At the outset, Rand said, each player begins with an equal number of points, and is randomly connected with one or more players. As the game progresses, players have the opportunity to be either generous, and give 50 points to each player they are connected with, or be selfish and do nothing. Following each round, 30 percent of the players are randomly given the opportunity to update their connections, based on whether other players have been generous or selfish.
The findings, Rand said, showed that players were more willing to make new connections or maintain existing connections with those who acted generously, and break connections with those who behaved selfishly.
“Because people have control over who they are interacting with, as you would expect, people are more likely to form connections with people who are cooperative, and much more likely to break those links with people who are not,” Rand said. “Basically, what it boils down to is you’d better be a nice guy, or else you’re going to get cut off.”
The study also uncovered a correction mechanism inherent to social groups. Those who were initially noncooperative, Rand said, were found to be twice as likely to become cooperative after being shunned, suggesting that being cut off from the group acts as a sort of internal discipline, ensuring that cooperation remains high within a social network.
“As a result, when you have a network that’s dynamic, you see stable, high levels of cooperation, whereas in a static network you see a steady breakdown of cooperation,” Rand said.
The research also is notable for its experimental design, the researcher said. Rather than recruit test subjects to come to his lab for testing, Rand relied on Amazon Mechanical Turk, an online labor market created by Amazon.com, to enlist nearly 800 volunteers from across the globe.

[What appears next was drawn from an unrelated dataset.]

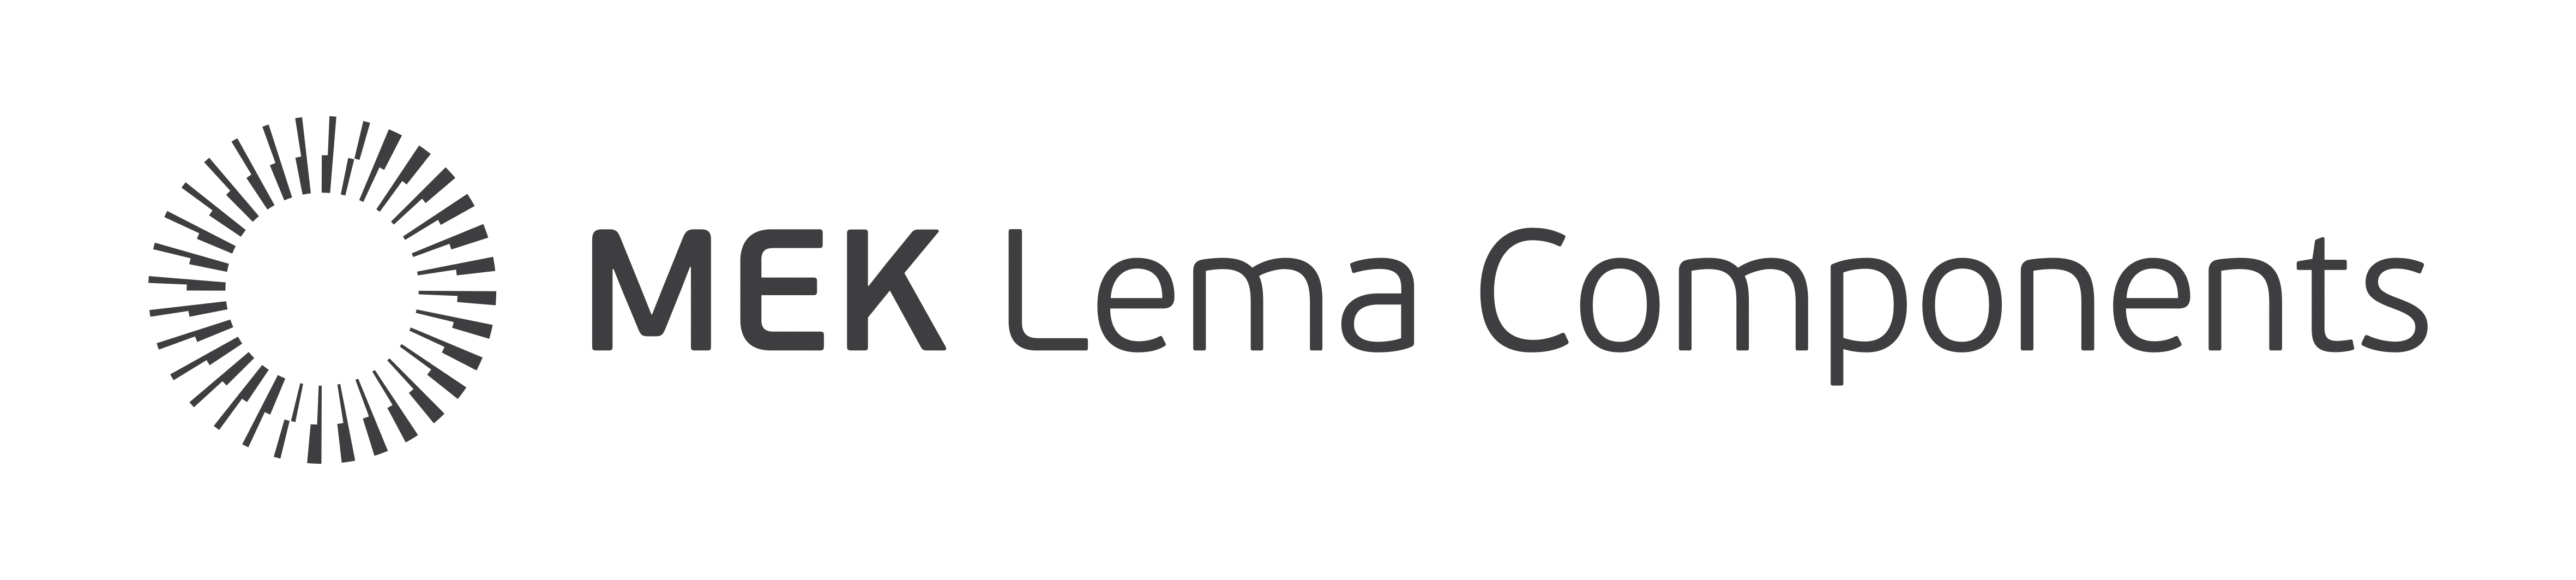 MEK Lema Components
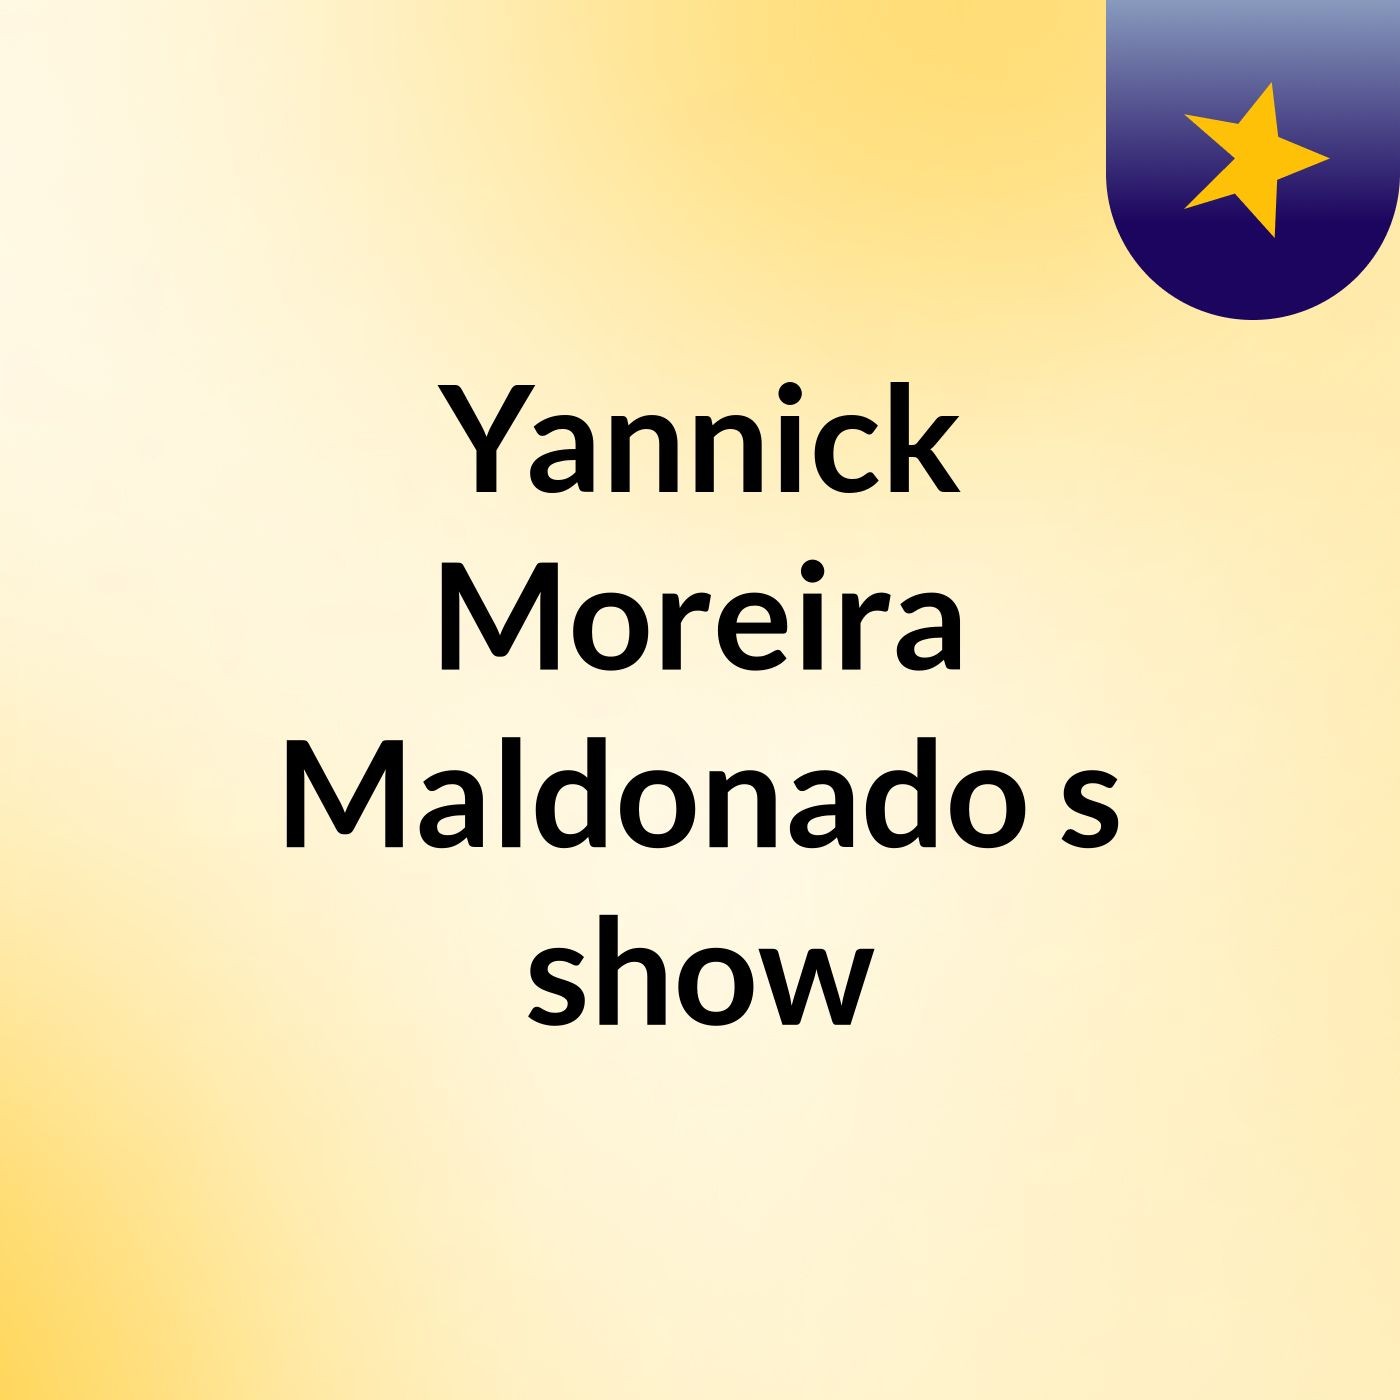 Yannick Moreira Maldonado's show

“Lab experiments are incredibly valuable, because they let you very tightly control the experimental conditions, which you need to demonstrate causality,” Rand said. “But the thing about lab experiments is they tend to be very time-consuming and expensive, because it’s difficult to get people to come into the lab. The Internet offers an amazing opportunity for streamlining the process. But the problem has been: Where do you get the people, and how do you set these systems up?”
Developed several years ago, Mechanical Turk is an online labor market where employers can hire workers to perform what they call “human intelligence tasks” — simple, repetitive ones that are easy for humans — such as describing the content of a picture, transcribing audio or translating text from one language to another — but are frustratingly difficult to program computers to perform.
“What we’re doing is crowd-sourcing experimental social science,” Rand said. “We are now an ‘employer’ on Mechanical Turk, but instead of asking people to label images, we’re hiring them to take part in our experiments.”
Though the paper is one of a very few to use Mechanical Turk to recruit volunteers, Christakis said the site has already had a wide-ranging impact on the social sciences.
“This is a whole new way of doing social science and conducting experiments,” he said. “By creating a virtual laboratory, it broadens the scale and speed of these experiments. In principle, one can do an experiment with thousands of participants, and we are able to control how participants interact in ways that were unimaginable even five years ago.”